_PROBLEM REQUIREMENTS_:
Exact transcription of the data below is required, without the images.

--- DATA SHOWN Enclosed Below ---

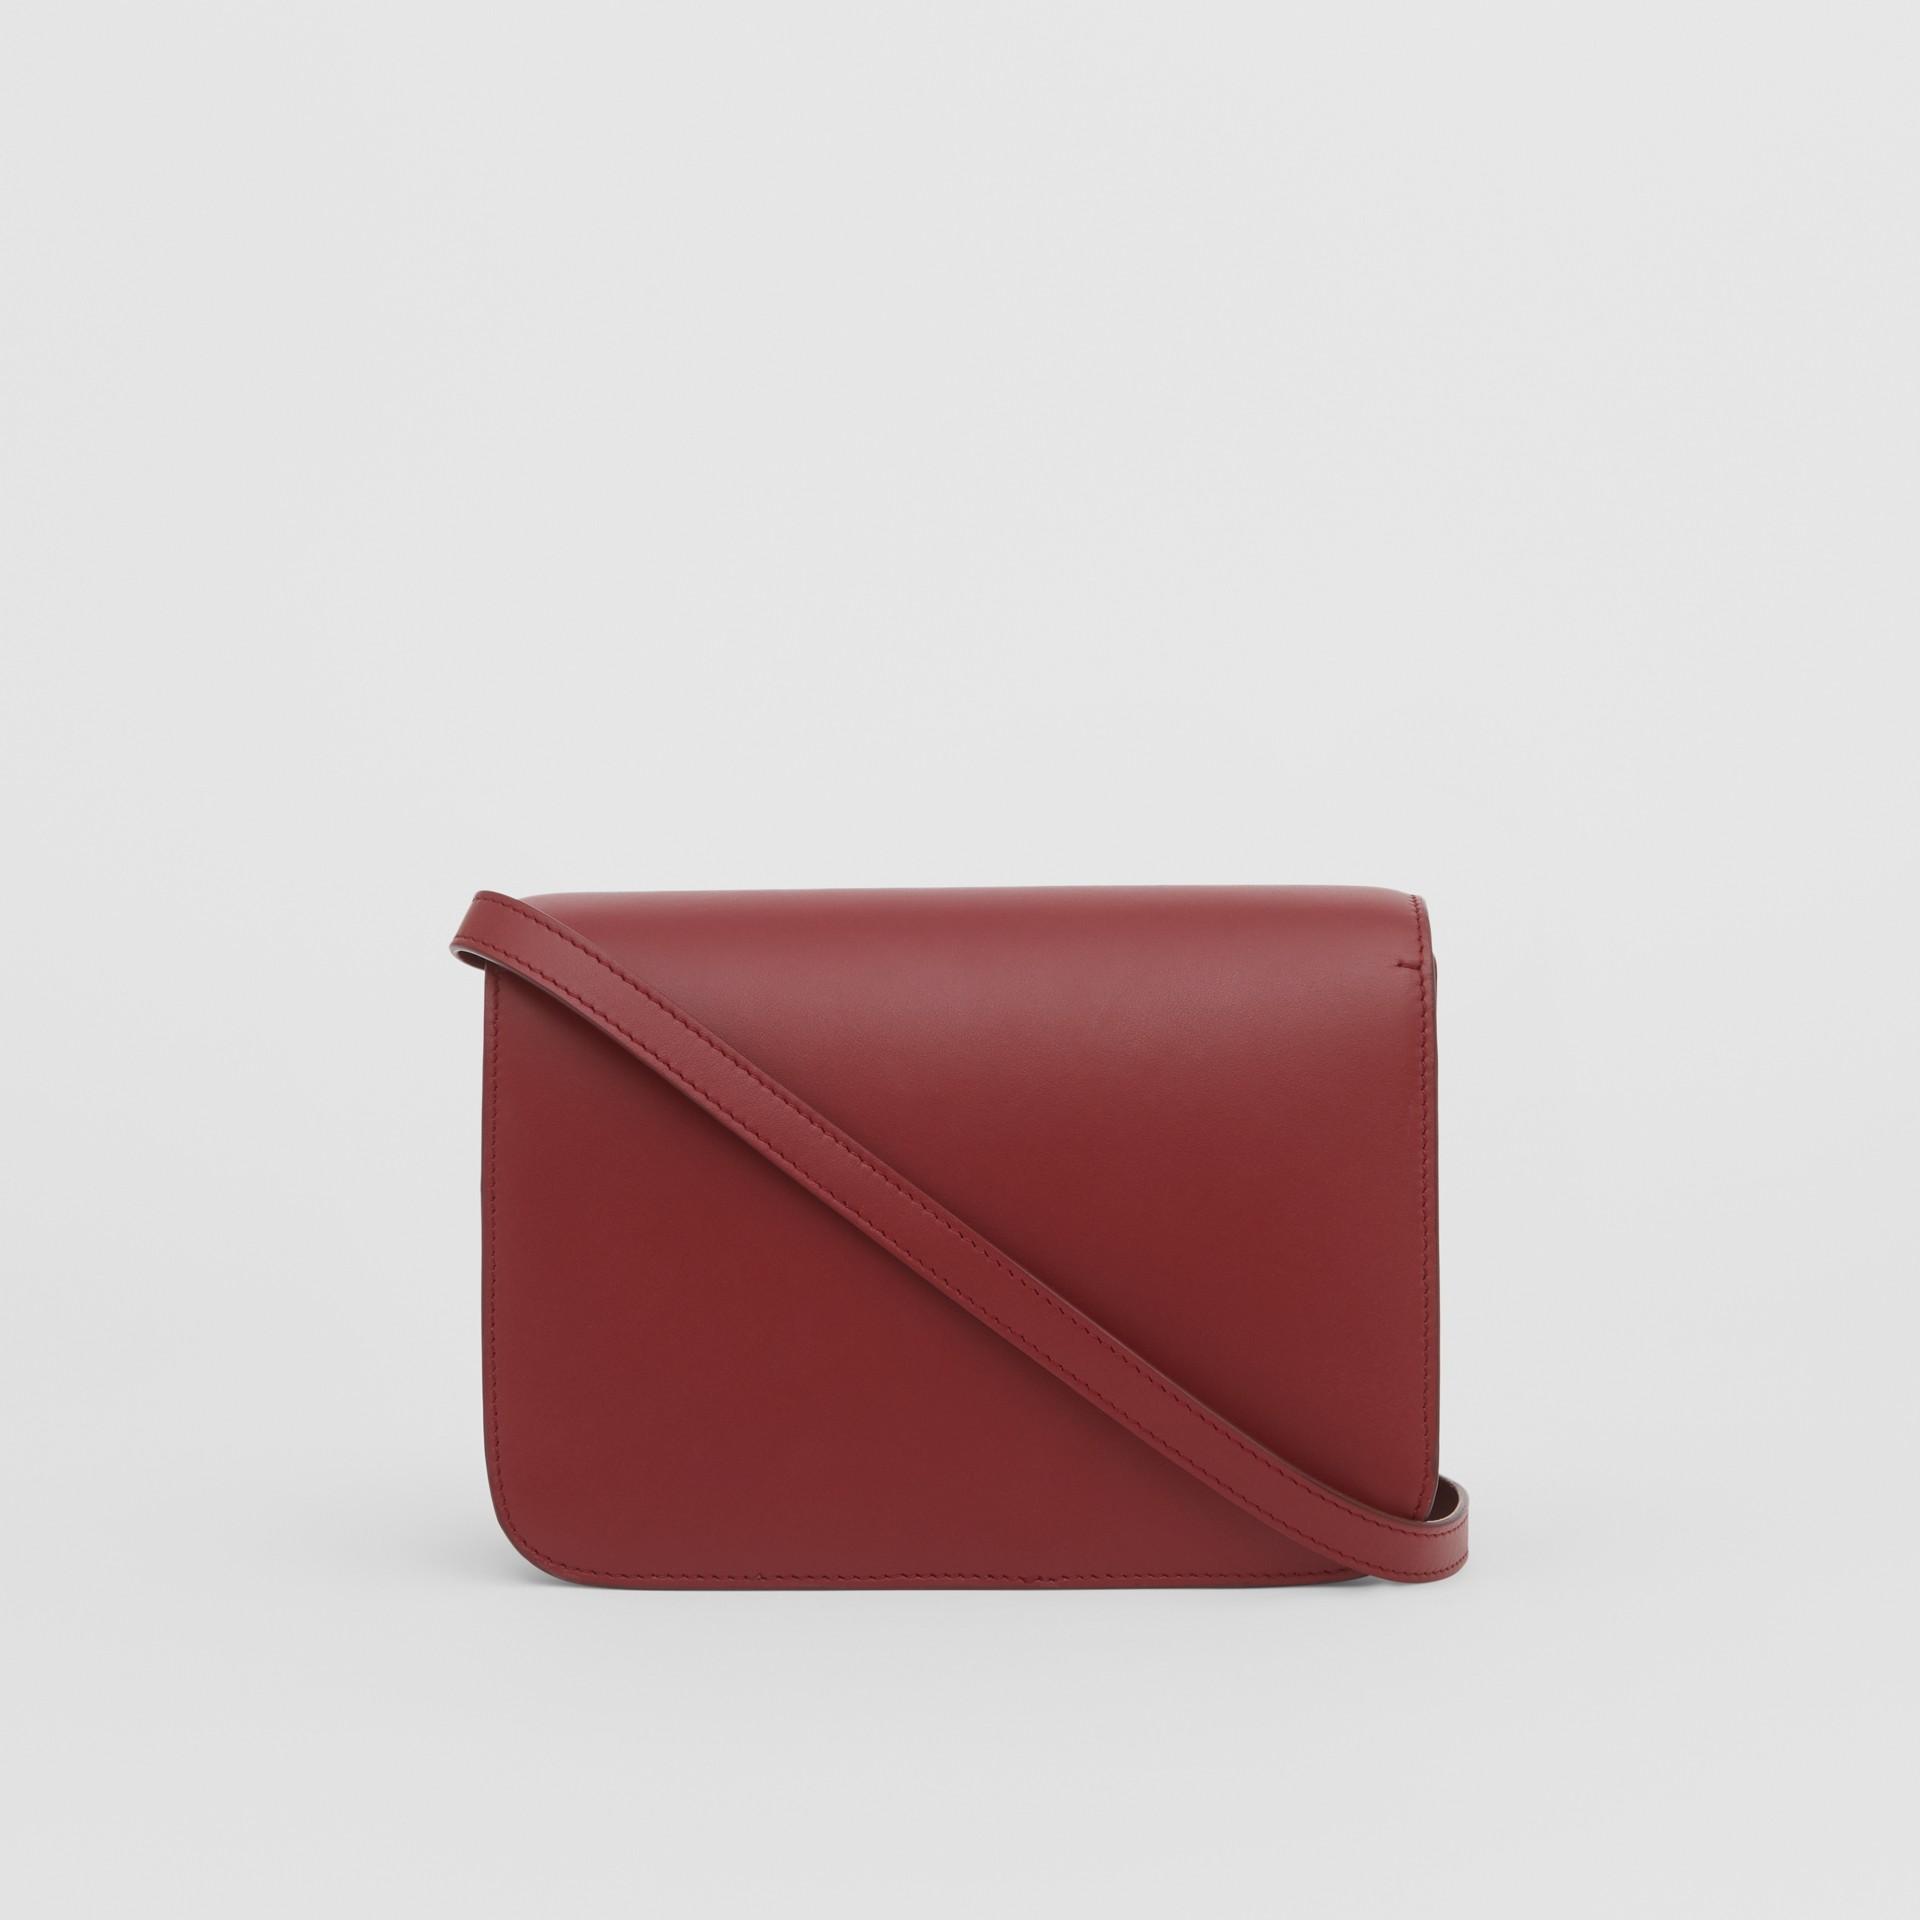 Small Leather TB Bag in Dark Crimson - Women   Burberry - gallery image 7
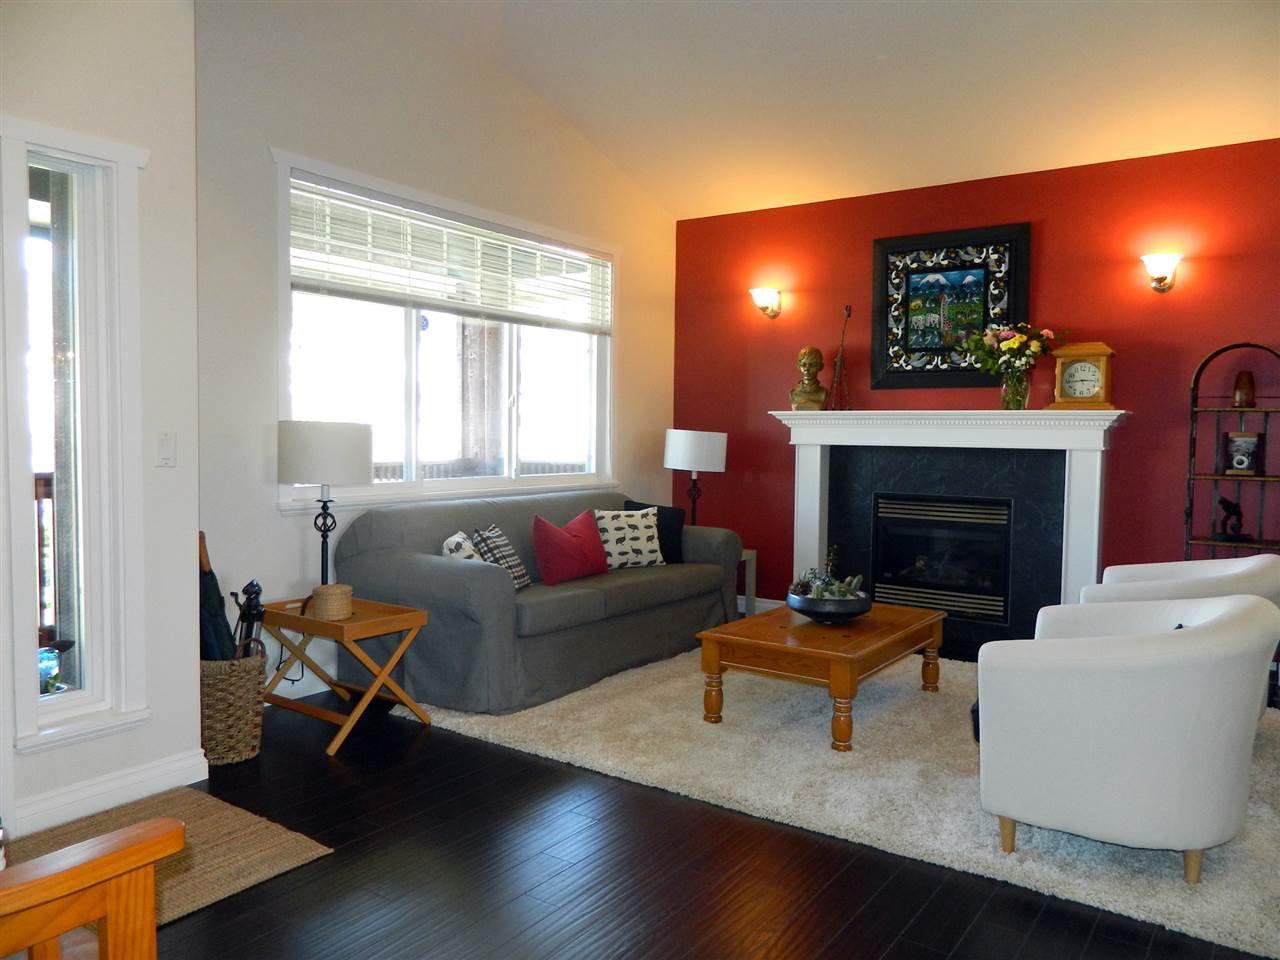 Photo 4: Photos: 24332 104 AVENUE in Maple Ridge: Albion House for sale : MLS®# R2051414
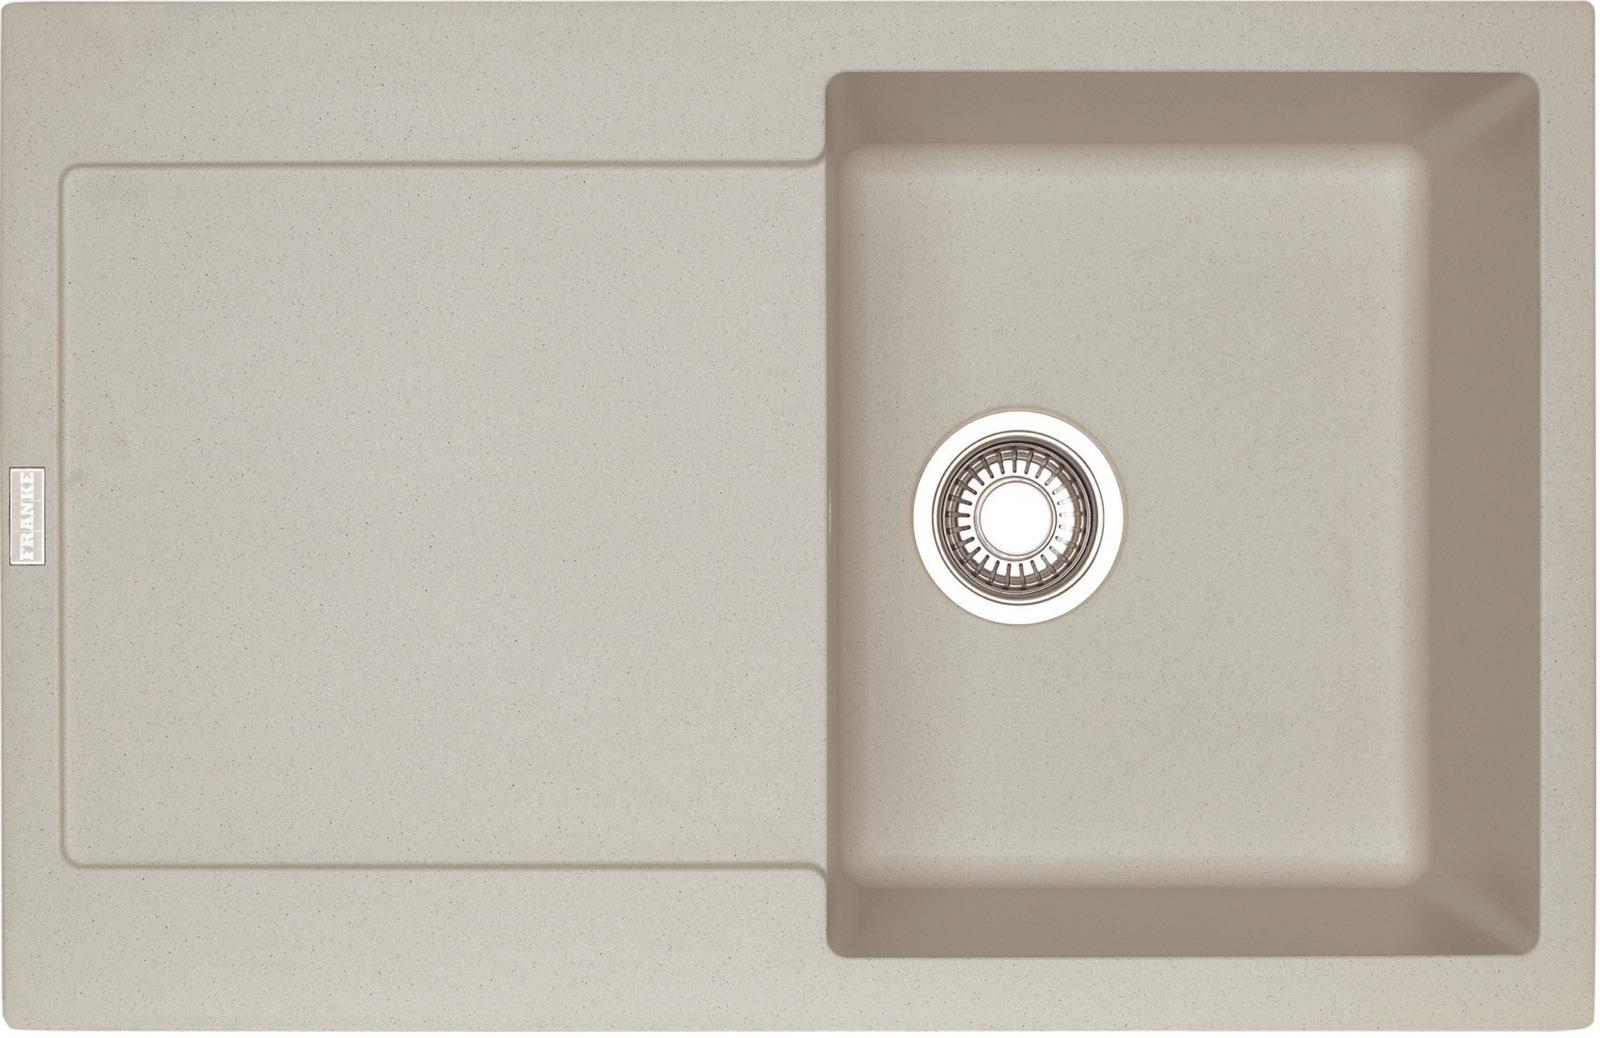 Chiuveta bucatarie fragranite Franke Maris MRG 611 reversibila 780x500mm tehnologie Sanitized Sahara imagine sensodays.ro

--- End of Enclosed DATA SHOWN ---

_SOLUTION_:
 Small Leather TB Bag in Dark Crimson - Women   Burberry - gallery image 7
 Photo 4: Photos: 24332 104 AVENUE in Maple Ridge: Albion House for sale : MLS®# R2051414
 Chiuveta bucatarie fragranite Franke Maris MRG 611 reversibila 780x500mm tehnologie Sanitized Sahara imagine sensodays.ro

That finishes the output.